_LISTED ENTRIES_
___

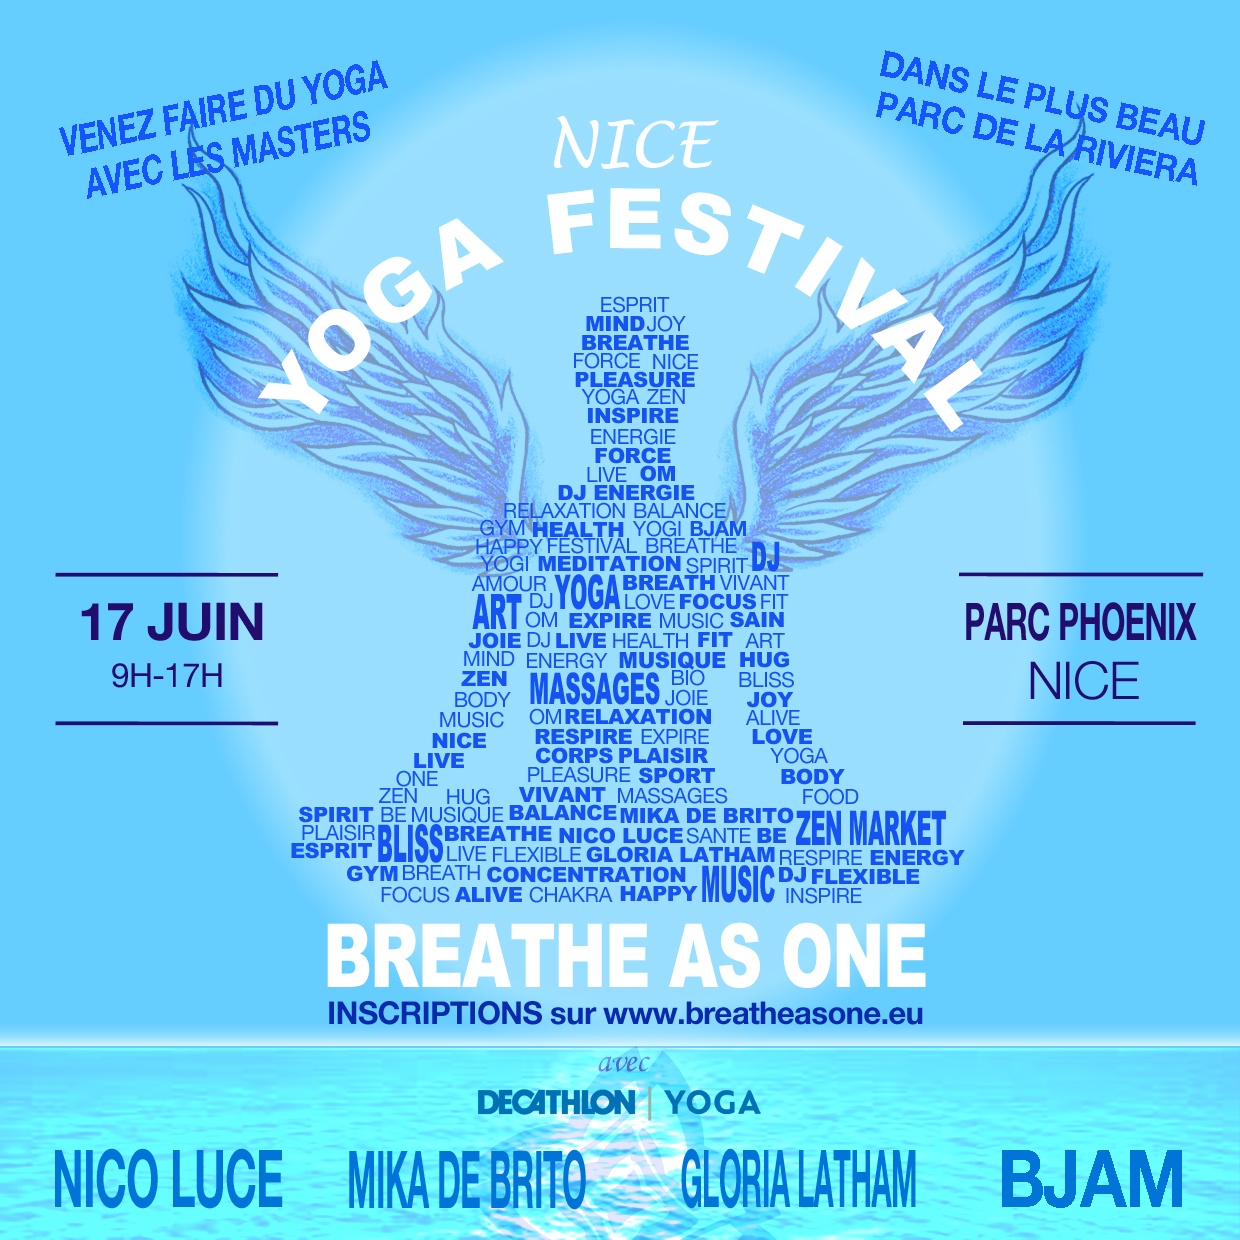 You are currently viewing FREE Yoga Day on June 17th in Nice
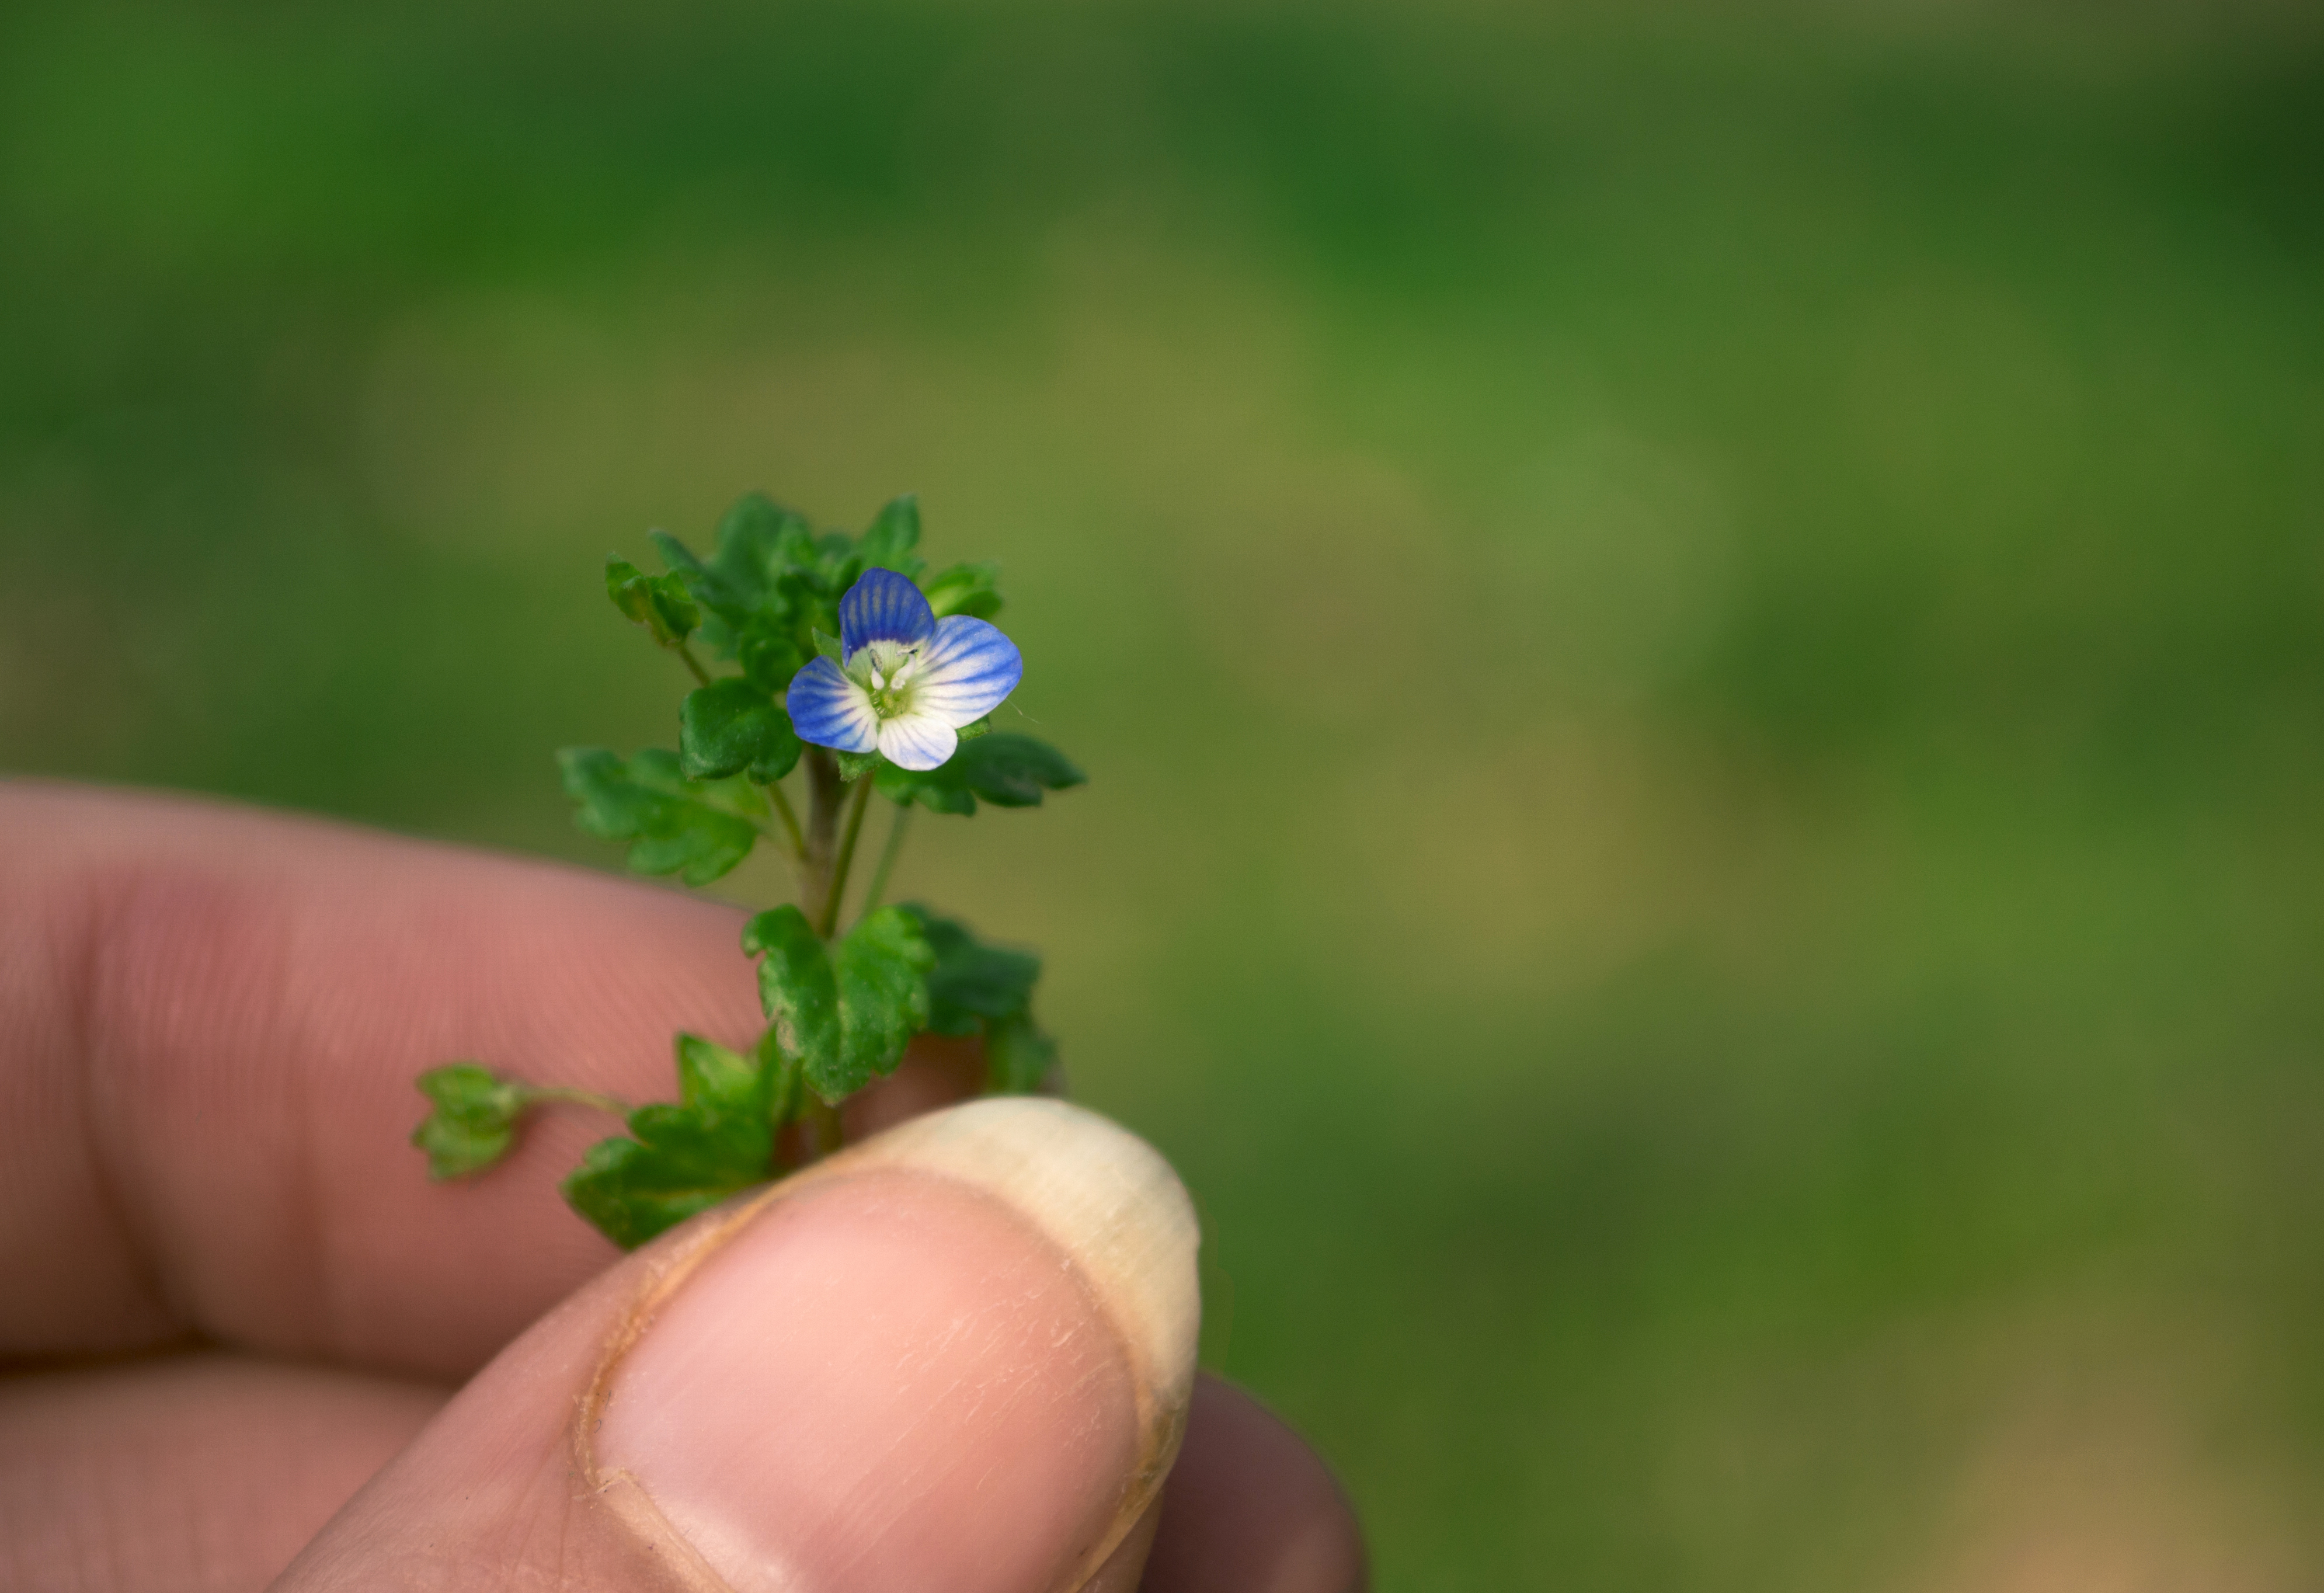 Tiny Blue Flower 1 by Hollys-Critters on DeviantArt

___

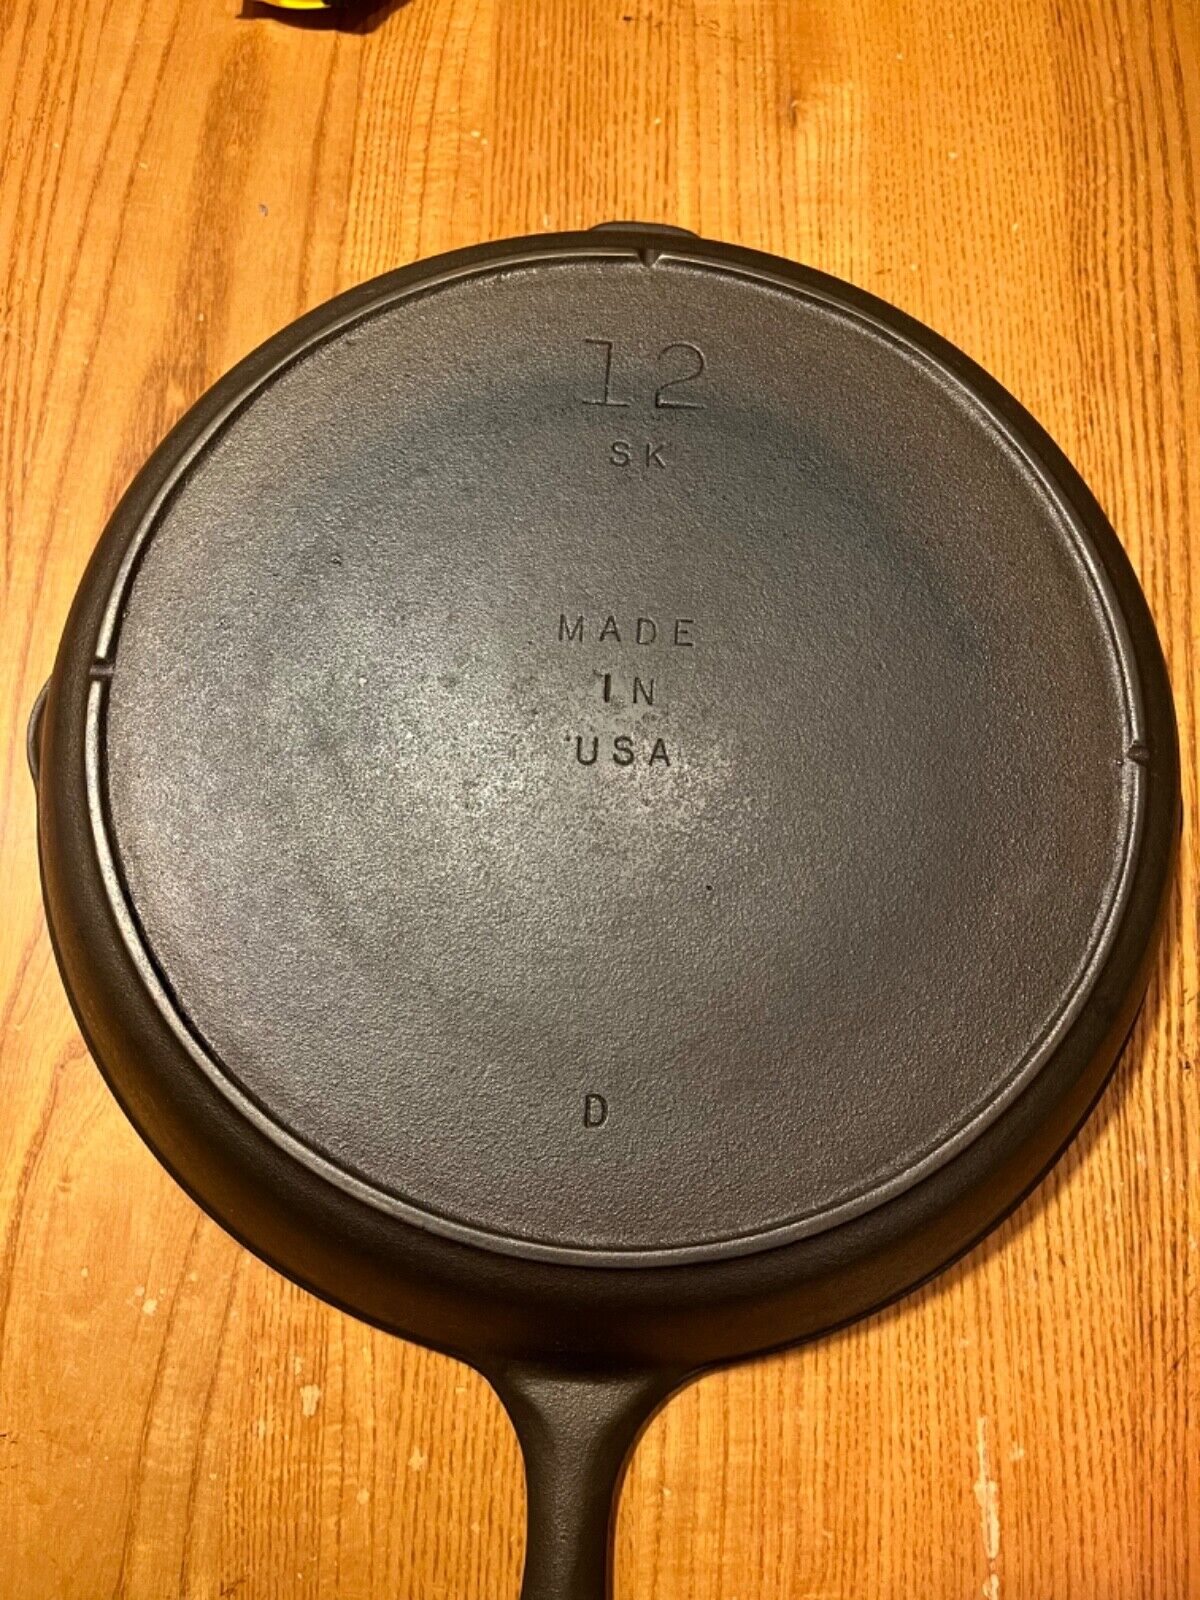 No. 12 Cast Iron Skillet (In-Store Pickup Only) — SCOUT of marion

___

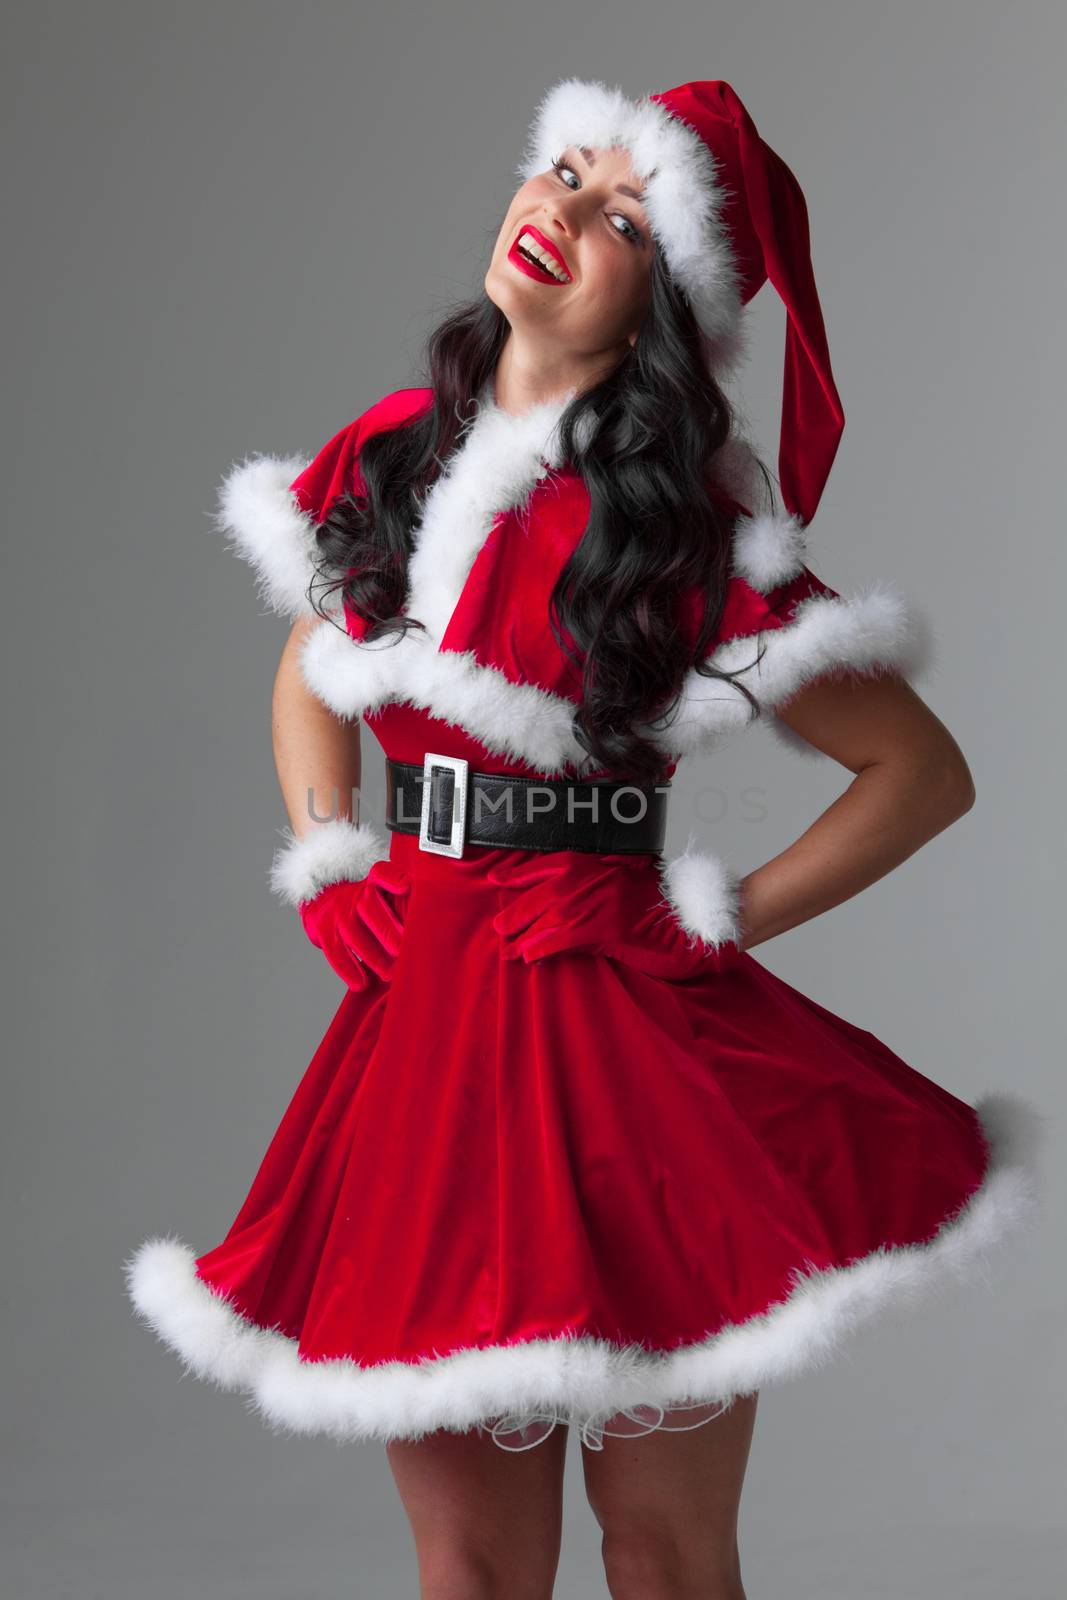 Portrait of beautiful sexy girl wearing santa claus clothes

___

_WHAT YOU ARE ASKED TO DO_
Leave out the images and write out the lines above exactly, from the one with "You are currently" up to and including the one with "Tiny Blue Flower".

_ANSWER FOR THIS EXERCISE_
 You are currently viewing FREE Yoga Day on June 17th in Nice
 Tiny Blue Flower 1 by Hollys-Critters on DeviantArt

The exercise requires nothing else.